The tree was polarized by two outgroup taxa, Spinacea and Arabidopsis. The GTR+G+I base substitution model was adopted based on the Modeltest. Molecular clock was calibrated using two internal splitting points of the members of Araliaceae (70 mya) and Solanaceae (53 mya). The numbers above each node indicate the Bayesian support percentages. Taxon abbreviations are Solanum(bu): Solanum bulbocastanum, Solanum(tu): Solanum tuberosum, Solanum(ly): Solanum lycopersicum, Nicotiana(sy): Nicotiana sylvestris, Nicotiana(ta): Nicotiana tabacum, Nicotiana(to): Nicotiana tomentosiformis, Olea(eb): Olea europaea cv. bianchera, Olea(ee): Olea europaea subsp. europaea, Olea(em): Olea europaea subsp. maroccana, Olea(ec): Olea europaea subsp. Cuspidate and Olea(ew): Olea europaea subsp. Woodiana, respectively.
Comparisons of protein coding genes (CDS), introns, and intergenic spacers (IGS) at the IR, LSC, and SSC regions of the chloroplast genomes.
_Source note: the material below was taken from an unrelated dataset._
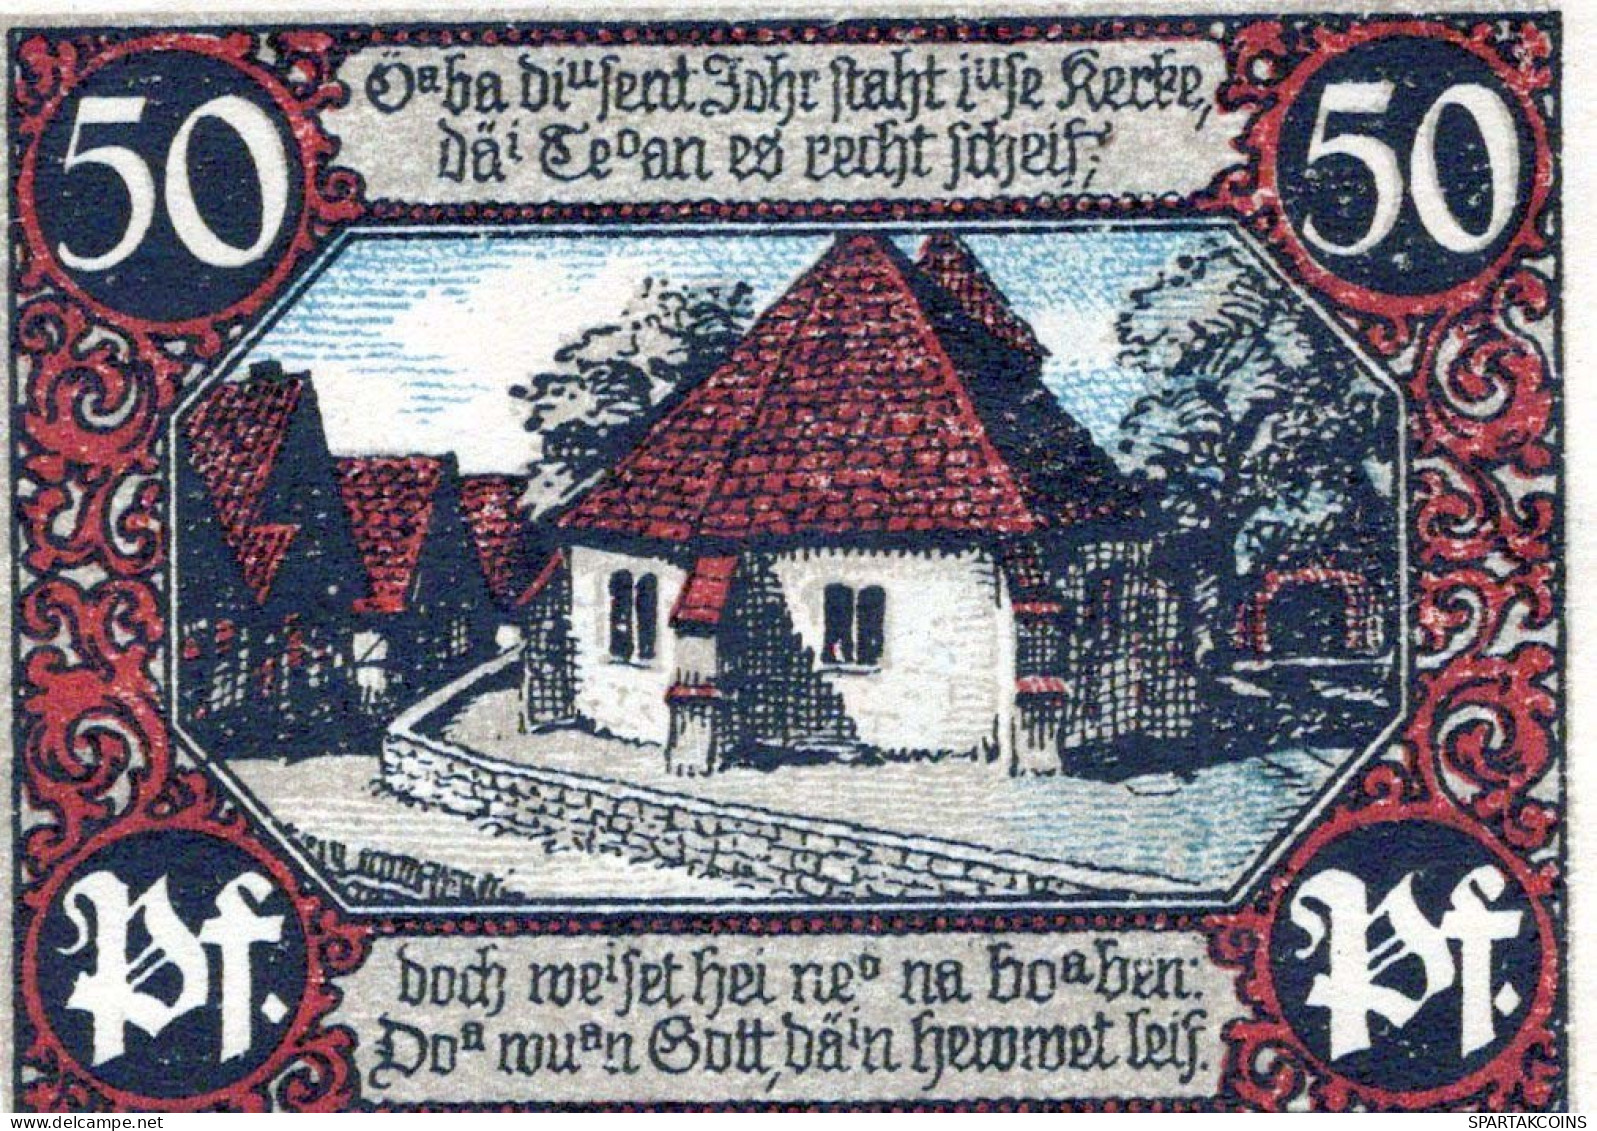 50 PFENNIG 1921 Stadt EISBERGEN Westphalia UNC DEUTSCHLAND Notgeld #PB084 - [11] Local Banknote Issues

| Sesame/Olea | Sesame/Nicotiana | Sesamum/Panax | ||||||||||||||||||||
| Region | NG | LD (IE) | NP | ND | Ks | Ka | Ka/Ks | NG | LD (IE) | NP | ND | Ks | Ka | Ka/Ks | NG | LD (IE) | NP | ND | Ks | Ka | Ka/Ks | |
| CDS | LSC | 62 | 60 (22) | 1417 | 0.0323 | 0.0815 | 0.0189 | 0.23 | 62 | -306 (22) | 2471 | 0.0564 | 0.1686 | 0.0280 | 0.17 | 62 | -21 (21) | 2711 | 0.0617 | 0.1511 | 0.0404 | 0.27 |
| IR | 12 | -536 (17) | 127 | 0.0091 | 0.0113 | 0.0082 | 0.73 | 12 | -659 (17) | 212 | 0.0152 | 0.0270 | 0.0170 | 0.63 | 12 | -187 (17) | 233 | 0.0167 | 0.0296 | 0.0182 | 0.61 | |
| SSC | 12 | -213 (30) | 1004 | 0.0706 | 0.1398 | 0.0558 | 0.40 | 12 | -393 (30) | 1599 | 0.1125 | 0.2534 | 0.0878 | 0.35 | 12 | -330 (30) | 1699 | 0.1198 | 0.2447 | 0.1010 | 0.41 | |
| TOTAL | 86 | -689 (69) | 2548 | 0.0353 | 0.0660 | 0.0276 | 0.42 | 86 | -1358 (69) | 4282 | 0.0595 | 0.1630 | 0.0388 | 0.24 | 86 | -538 (68) | 4643 | 0.0644 | 0.1502 | 0.0497 | 0.33 | |
| Intron | LSC | 13 | -8 | 492 | 0.0546 | - | - | - | 13 | -309 | 836 | 0.0939 | - | - | - | 13 | -288 | 922 | 0.1035 | - | - | - |
| IR | 5 | -4 | 22 | 0.0061 | - | - | - | 5 | 347 | 35 | 0.0106 | - | - | - | 5 | 17 | 54 | 0.0149 | - | - | - | |
| SSC | 1 | -18 | 92 | 0.0868 | - | - | - | 1 | -68 | 141 | 0.1326 | - | - | - | 1 | 57 | 128 | 0.1292 | - | - | - | |
| TOTAL | 19 | -30 | 606 | 0.0442 | - | - | - | 19 | -30 | 1012 | 0.0763 | - | - | - | 19 | -214 | 1104 | 0.0817 | - | - | - | |
| IGS | LSC | 81 | -1425 | 2416 | 0.0826 | - | - | - | 81 | -675 | 3982 | 0.1462 | - | - | - | 82 | -221 | 4074 | 0.1494 | - | - | - |
| IR | 19 | -117 | 106 | 0.0202 | - | - | - | 19 | 99 | 180 | 0.0337 | - | - | - | 19 | -101 | 212 | 0.0399 | - | - | - | |
| SSC | 12 | 126 | 105 | 0.1401 | - | - | - | 12 | -397 | 610 | 0.2039 | - | - | - | 12 | -627 | 571 | 0.2082 | - | - | - | |
| TOTAL | 112 | -1416 | 326 | 0.0760 | - | - | - | 112 | -973 | 4772 | 0.1343 | - | - | - | 113 | -949 | 4857 | 0.1379 | - | - | - | |
| TOTAL | 217 | -2135 | 3480 | 0.0487 | - | - | - | 217 | -2361 | 10066 | 0.0901 | - | - | - | 218 | -1701 | 10604 | 0.0946 | - | - | - | |
This is a summary table of each calculation from three different comparisons of Sesamum vs.Olea, Sesamum vs. Nicotiana, and Sesamum vs. Panax. The rps 12 gene is included in the LSC region. Abbreviations: NG, The numbers of genes; LD, the length differences; IE, the indel events; NP, the numbers of polymorphic sites; ND, the nucleotide differences; Ks, the synonymous substitution differences; and Ka, the nonsynonymous substitution differences.
Figure 6The levels of evolutionary divergences among the SSC, LSC, and IR regions of cp genomes
. Y-axis represents the sequence divergences. The IR region evolves slower than the SSC or the LSC regions regardless the CDS, intron and IGS.
Figure 7The correlation pattern of indel numbers and indel sizes among three cp genomes.
The X-axis and Y-axis represent the indel sizes in base pair and indel numbers, respectively.